Panels

The touchscreen takeover: Can glass be safe enough?

The use of touch screens as a primary driver–vehicle interface (DVI) in cars has been rapidly increasing over the last few years. From an automotive industry perspective, this offers substantial cost savings and enables wireless updates of the DVI. Also, given the vast number of configurations and controls required in today’s cars, relying solely on physical buttons would make them resemble airplane cockpits. There is, however, substantial concern that the introduction of touch screens may negatively impact safety.
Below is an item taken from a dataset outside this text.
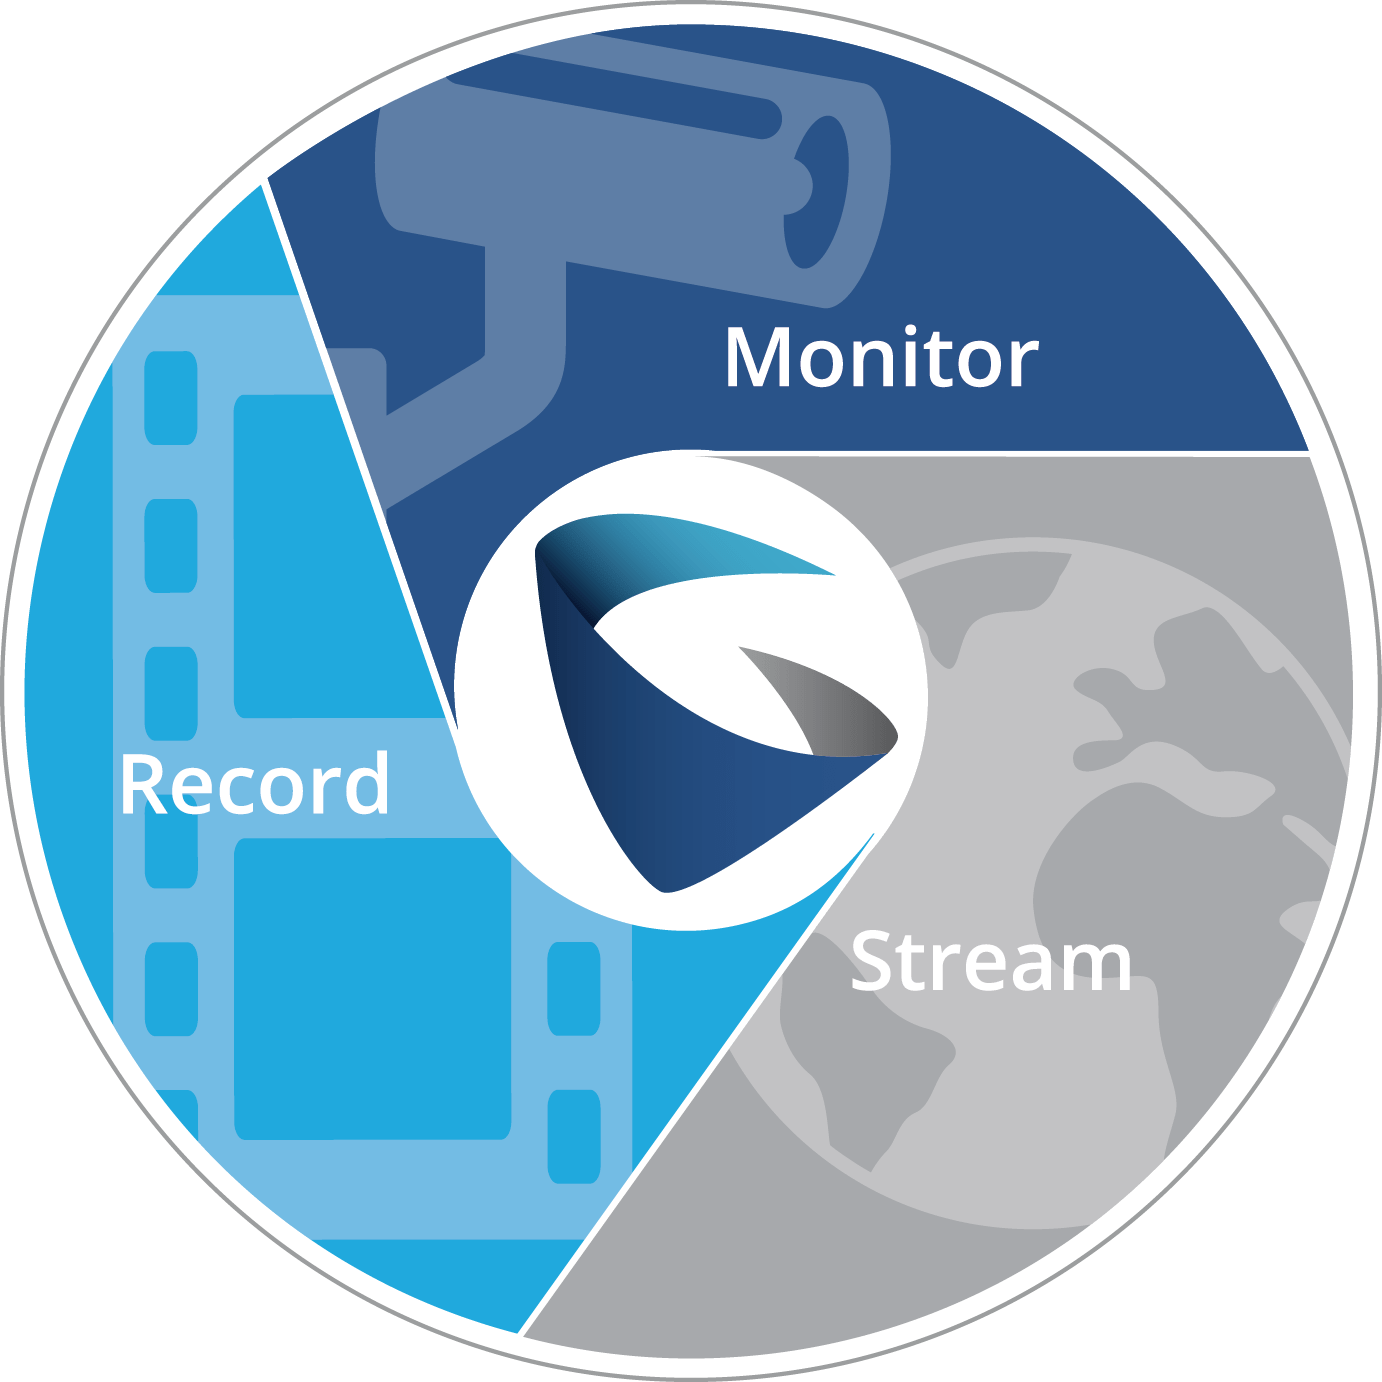 image of surveillance logo including monitor, record, and stream in grandstream device

This panel will address questions such as: Are touchscreens making cars less safe? Which interfaces need to be physical – if any? Should all be physical? How important is the tactile component for avoiding prolonged distraction? To what extent do “moving images” draw attention away from safe driving? Can large touch screens be designed to be safe (enough); if so, how? Is there a middle ground? How can/should regulation and consumer rating programs evaluate the risks associated with touch screens? How much does the cost perspective affect car manufacturers’ competitiveness?
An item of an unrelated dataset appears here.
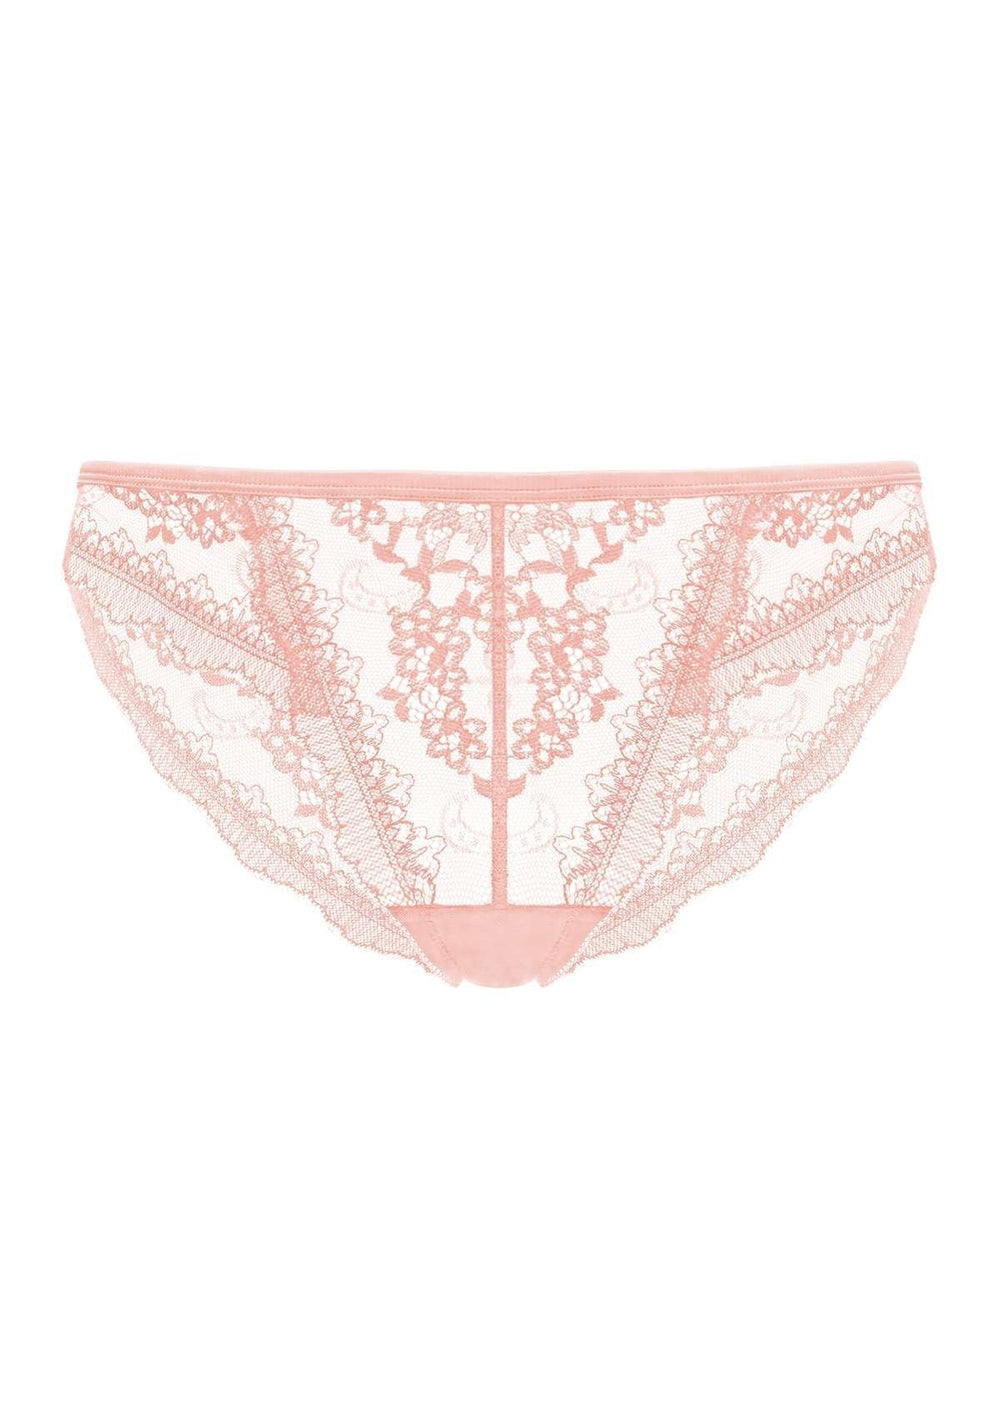 HSIA Floral Bridal Lace Back Cheeky Delicate Underwear

The assessment of DMS-based systems –
what’s needed?

Driver monitoring systems (DMSs) are becoming increasingly common in cars, and are now mandatory in some regions. A DMS is by itself only a means of collecting information about the driver, including glance behavior and drowsiness. It is first when DMS data is combined with either some feedback to the driver or is integrated in algorithms to adapt safety systems to the driver’s state that it may have an impact on safety. Few established methods currently exist for evaluating how DMS based safety systems influence both safety outcomes and user acceptance, which poses challenges for their systematic design and evaluation. To enable proper regulation and consumer testing regimes related to DMS-based systems assessment methods are crucial – without them we may release systems that are either not as effective as they could be or are overly and unnecessarily annoying to the driver.

This panel will address questions such as: How can DMS-based safety systems be evaluated? What approaches exist today, and what can reasonably be developed? What limitations are inherent to these methods? How can safety benefits and nuisance be assessed together? How can we evaluate long-term driver perception and behavioral adaptation to DMS-based systems? And can the “objective safety” of such systems be meaningfully assessed? What should system performance be compared to (i.e., what baseline should be used)?